Комдив. От Синявинских высот до Эльбы - Борис Владимиров 25 стр.


С этого дня, окончательно сломив сопротивление врага, дивизия совместно с соединениями 89-го стрелкового корпуса перешла в решительное преследование противника. Для более полной оценки результатов внезапных действий 311-й дивизии следует привести некоторые данные о потерях в личном составе. В первый день потери дивизии, действовавшей в более сложных условиях обстановки, составляли 26 % от потерь 23-й дивизии, во второй день - 44 % и за трое суток ожесточенных боев - 45 %, т. е. в два с лишним раза меньше по сравнению с дивизией, наступающей слева. Таким образом, инициатива командования дивизии, поддержанная командиром корпуса, оправдала себя полностью. Несколько позже командующий 61-й армией дал следующую оценку действиям дивизии: "311-я дивизия, форсировав ночью Вислу, нанесла внезапный и умелый фланговый удар противнику".

Характеризуя дальнейшие боевые действия, командир корпуса генерал-майор М. А. Сиязов писал: "… в период преследования с 16 по 28 января 1945 года, дивизия с боями прошла 400 км при незначительных потерях в личном составе и технике и первая вступила на территорию Германии. Совершив сложный маневр в лесистой местности, при яростном сопротивлении противника и при недостаточном обеспечении боеприпасами, дивизия окружила 5–7-тысячный гарнизон г. Шнайдемюль. В районе Шнайдемюль дивизия захватила большие трофеи: более 30 паровозов с эшелонами боевой техники, продовольствия и военного снаряжения". На этом закончились боевые действия дивизии на территории Польши. За успешные боевые действия дивизия была награждена орденом Красного Знамени.

Многие из участников этих боев получили правительственные награды.

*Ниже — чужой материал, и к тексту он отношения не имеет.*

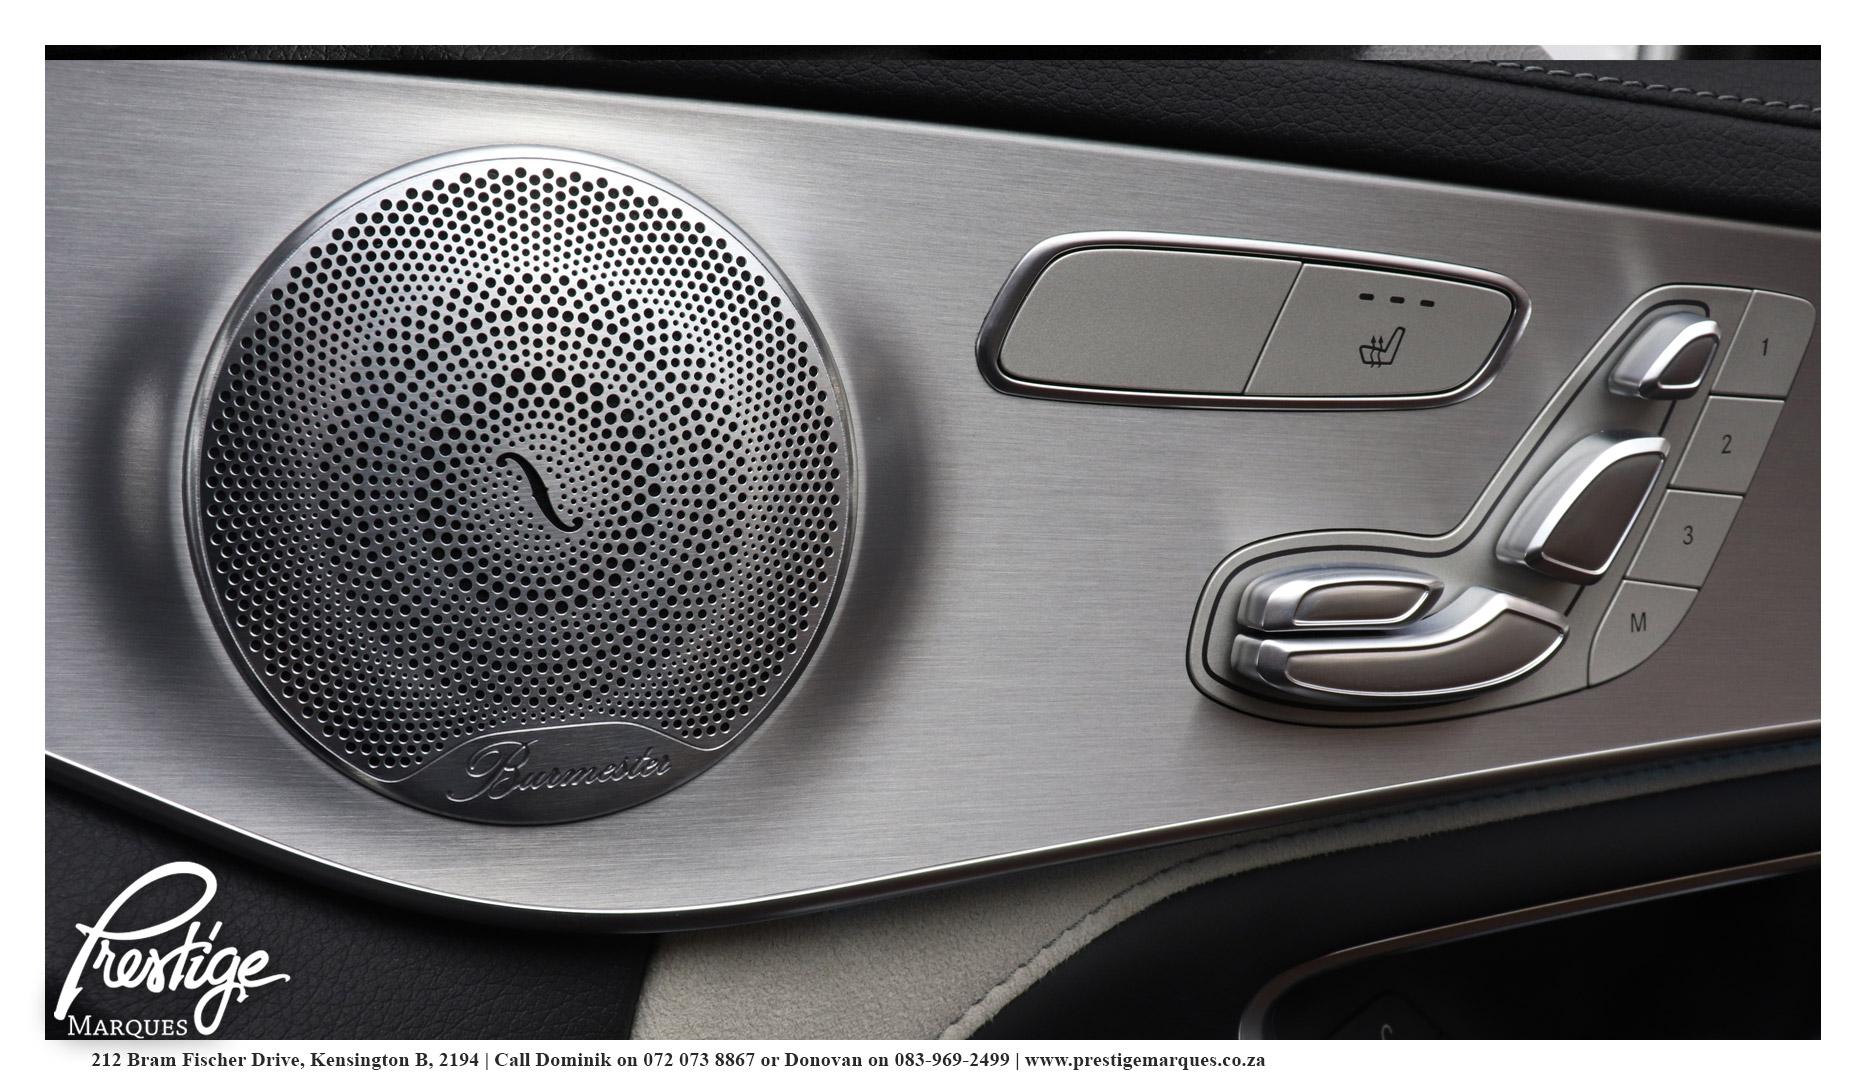 Mercedes-Benz-C63s-AMG-Prestige-Marques-16

Указом Президиума Верховного Совета СССР командиру полка подполковнику Закки Хабибуллину, командиру батальона майору К. А. Будькову, командиру роты старшему лейтенанту П. Д. Богданову, комсоргу полка лейтенанту И. А. Сокольскому и автору этих строк было присвоено звание Героя Советского Союза.

Командирам батальонов майору Д. П. Маматову, майору A. A. Семирадскому, командиру стрелковой роты лейтенанту А. И. Сидорову и красноармейцу С. Ф. Орел - звание Героя Советского Союза было присвоено посмертно.

Майор Семирадский и лейтенант Сидоров скончались от смертельных ран, полученных в ожесточенных боях западнее г. Шнайдемюль. Там же погиб смертью храбрых командир артиллерийского дивизиона майор Улыбышев.

Успешные действия 311-й стрелковой дивизии в сложных условиях обстановки при очень небольших потерях не были случайным явлением. Они подготавливались всем ходом войны.

День за днем накапливался боевой опыт, совершенствовалось боевое мастерство командного состава и крепла боеспособность войск. Желание драться и побеждать врага стало основным содержанием жизни. Вместе это рождало боевую активность, творческую инициативу и настойчивость в выполнении смелых замыслов.

Мысль о форсировании Вислы пришла в результате всестороннего изучения всех условий, как благоприятствующих, так и затрудняющих выполнение боевой задачи.

Путь через Вислу оказался самым коротким, наиболее надежным и тактически выгодным для всего корпуса. Правильный вывод, сделанный из оценки обстановки, привел к верному решению задачи.

Большой практический опыт дивизии в преодолении водных преград при отличной выучке саперных подразделений позволил командованию дивизии безбоязненно решиться на форсирование реки по недостаточно окрепшему льду.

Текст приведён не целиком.